We are also proceeding with M&A, and in 2024 we acquired K-Port, which operates drug stores and dispensing pharmacies mainly in Ota, Shinagawa, and Meguro wards.
Matsuki Yokokokara’s strategy is characterized by “LTV*maximization.” The app seamlessly connects drugstores, e-commerce stores, and dispensing pharmacies, encouraging customers to use each other. In dispensing, DX support holds the key to increasing LTV, such as eliminating waiting times with online medication guidance and electronic prescriptions, and delivering prescription drugs using Matsuki Yokokokara Q, an instant delivery service that uses the store network as delivery bases.
*LTV (life time value): The profit that a customer brings to your company from the time they start doing business with you until the end of the transaction.
The dispensing and drugstore industry is in a state of confusion. Keep an eye on the movements of promising companies.

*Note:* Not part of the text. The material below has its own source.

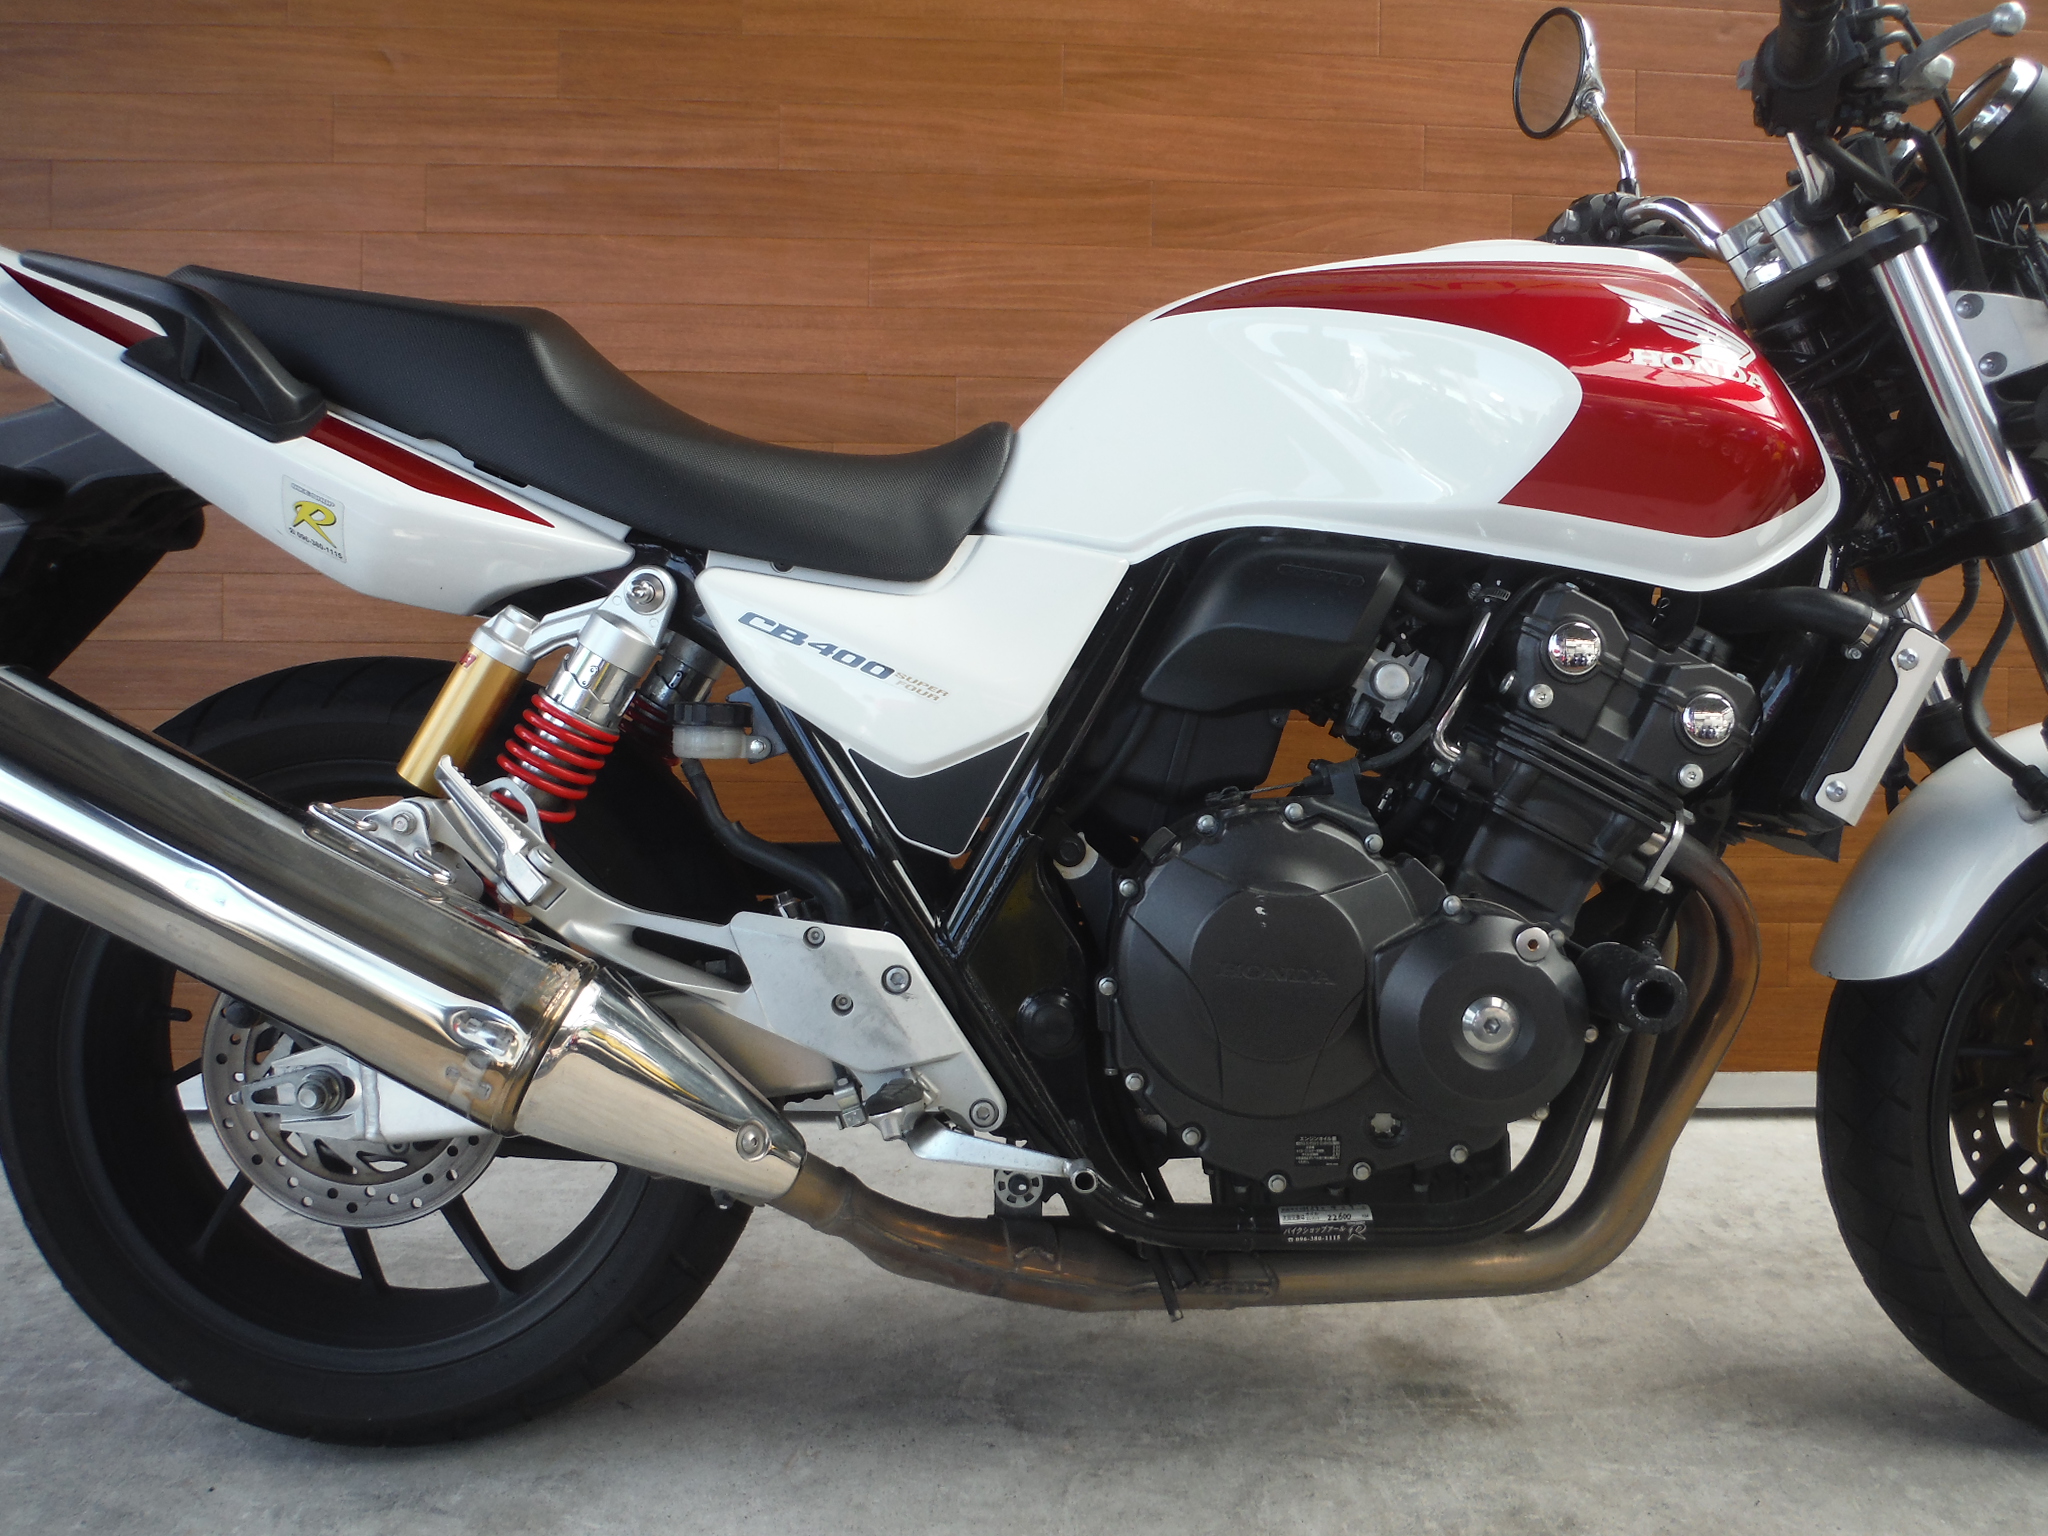 熊本中古車バイク情報 ホンダ Cb400sf 400 14年モデル 白赤 熊本のバイクショップ アール バイクの新車 中古車販売や買取 レンタルバイクのことならおまかせください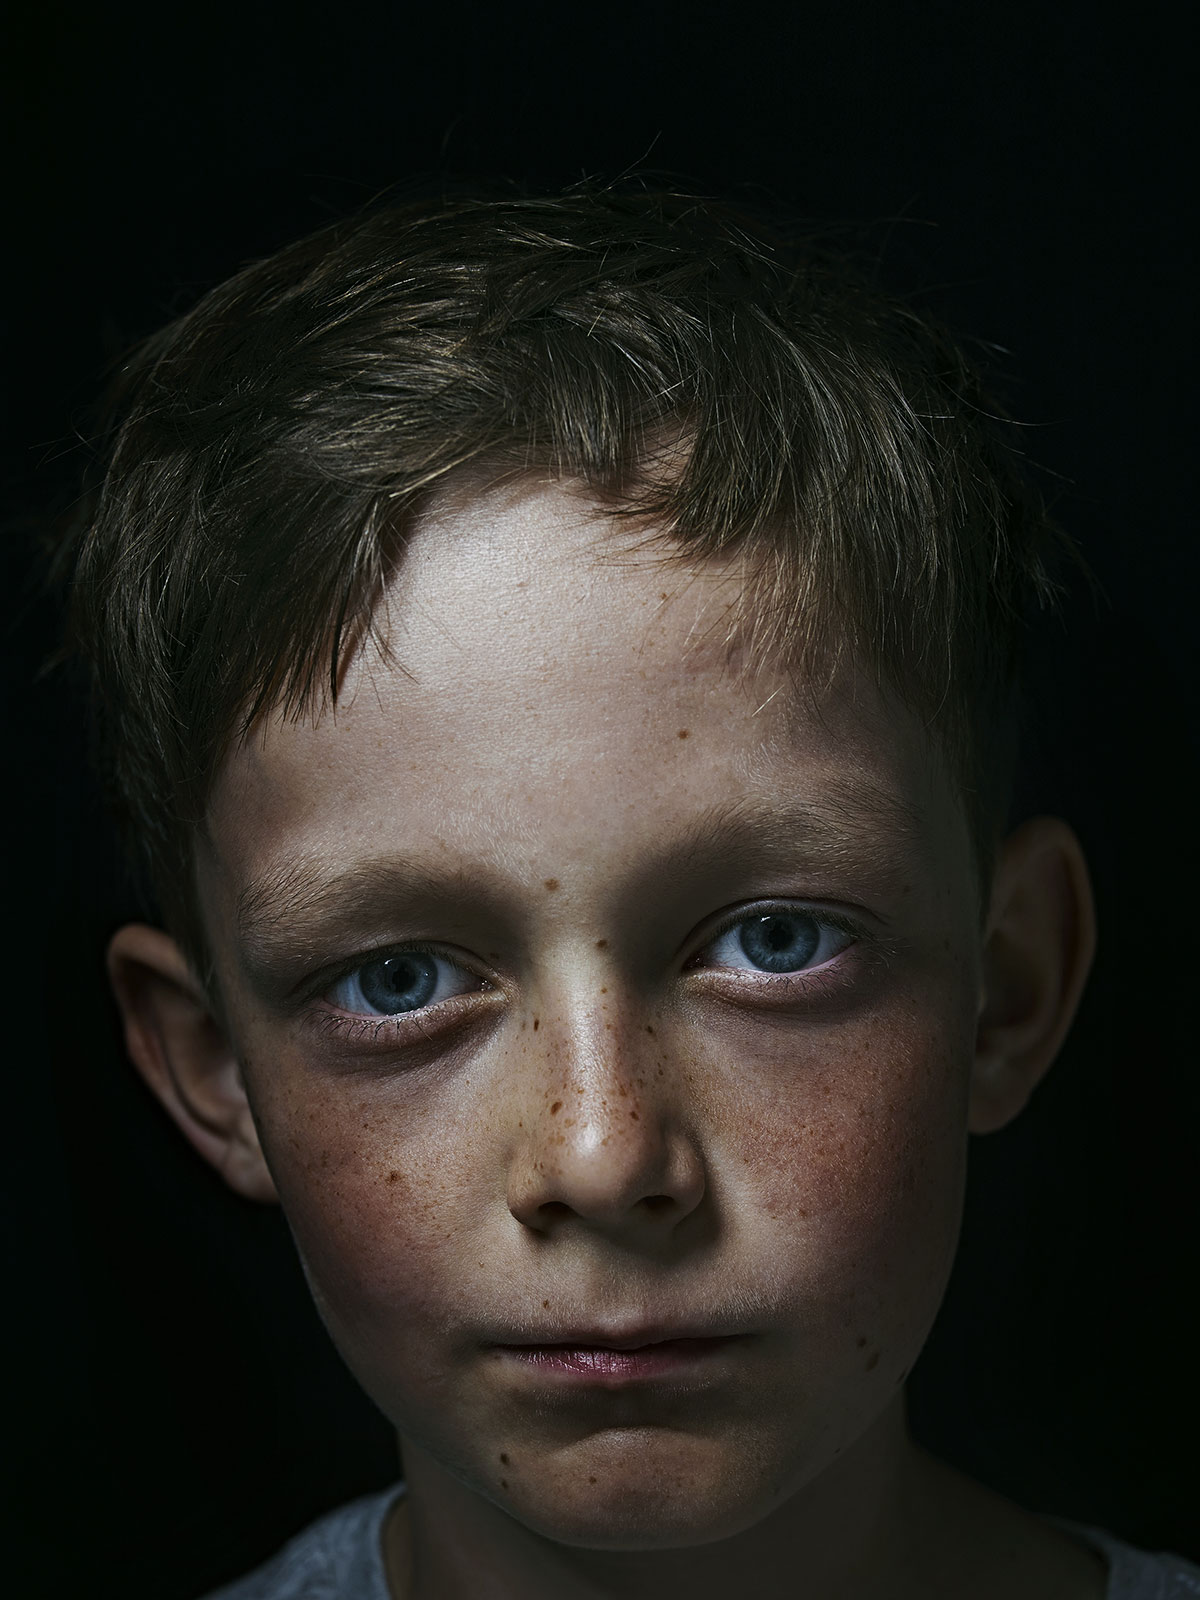 Domestic Violence Against Women - Toby Dixon

(Edited by Sakka Tsuchiya)
Source: BusinessInsider
Emma Warren is a well-known author and market analyst who writes for 24 news breaker. She is an expert in her field and her articles provide readers with insightful and informative analysis on the latest market trends and developments. With a keen understanding of the economy and a talent for explaining complex issues in an easy-to-understand manner, Emma’s writing is a must-read for anyone interested in staying up-to-date on the latest market news.